A few years ago during a television interview, Fairbanks said of his belief in the power of athletics during his nearly 30 years in law enforcement: "We only had five people appear in federal court that had been in athletics. And there was no telling how many (cases) I did. Now that's not saying that if you play sports, you won't be in trouble, but it's a pretty good lesson."

Of life lessons learned from boxing, he once said: "Sometimes a boxer will box, and if he loses, he won't come back. We tell our kids that the second time they get in the ring, they're growing up whether they win or lose, because they didn't quit."

Johnny Jones was so impressed by Fairbanks' work with his son Kent, who has since become an accomplished lawyer, that he wrote the following to Skipper one Christmas: "You can take great pride in knowing all your efforts have molded many young men into outstanding individuals."
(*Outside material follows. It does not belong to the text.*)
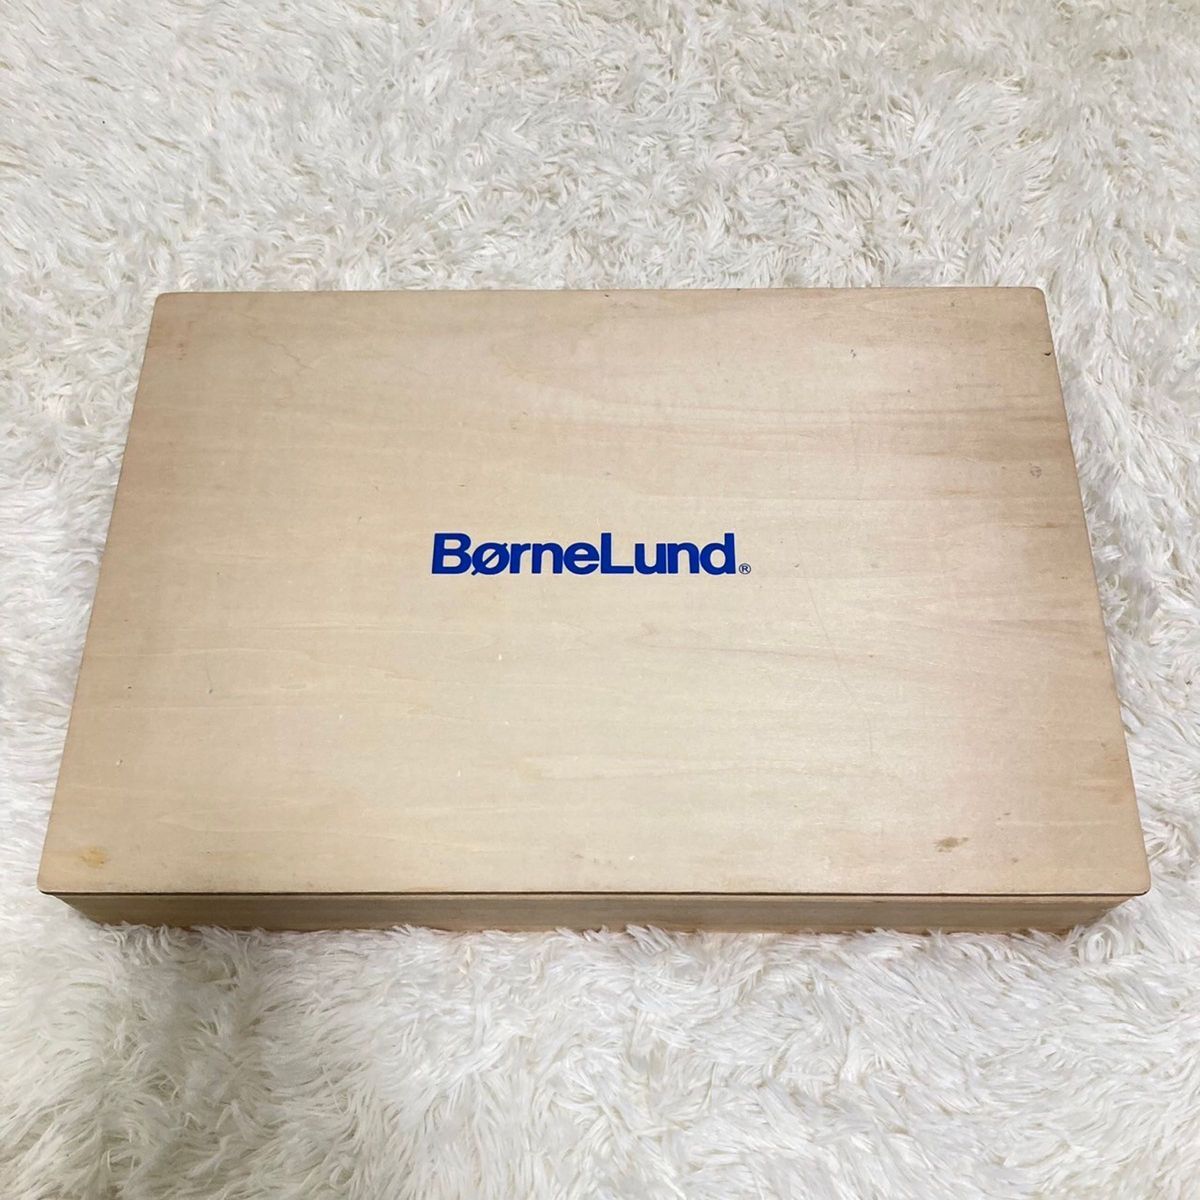 【美品】ボーネルンド 積み木 カラー 木製 知育玩具BorneLund_画像2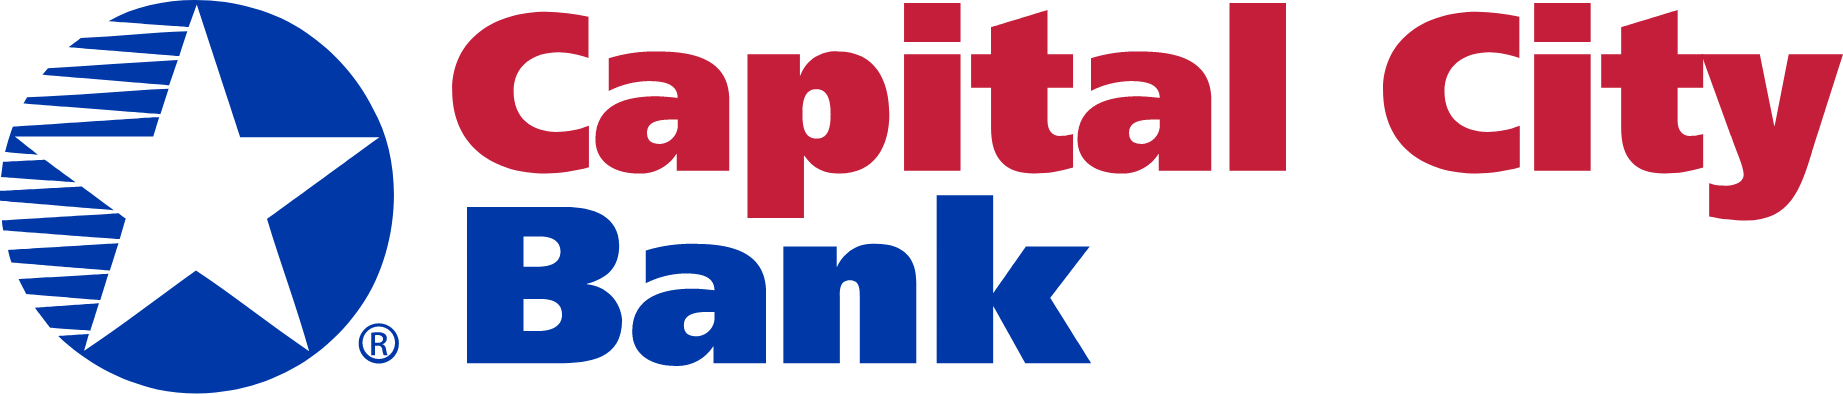 Capital City Bank Group
 logo large (transparent PNG)

He once molded the Bridgeport (Alabama) High School football team into an undefeated squad in 1958, before quitting coaching as a primary profession for a reason heard far too often in education.

"He couldn't feed his family on a coaching salary," Randy said.

But he kept coaching and teaching whenever possible because, in his brother's words, "he loved teaching kids."

That work led him to be inducted into the Greater Chattanooga Sports Hall of Fame, as well as numerous other such halls, and to win dozens of honors, including the Liberty Bell Award from the Chattanooga Bar Association.

To this day, Randy wonders what happened to all those awards: "You never saw any of them in his house. The only pictures or awards in his house were of his wife and daughters."

We have lost too many of these local coaching and mentoring giants of late. Over the past 10 months alone, Clifford Kirk, Catherine Neely, Tom Weathers, Anthony Martino, Grace Keith and now Skipper Fairbanks - to name but six - have all passed away.

Said Randy regarding his brother, using words that could just as easily describe any of the above six: "I spent my whole life trying to emulate him, and I never came close because he set the bar so high."

Then again, that's how you make history for all the right reasons.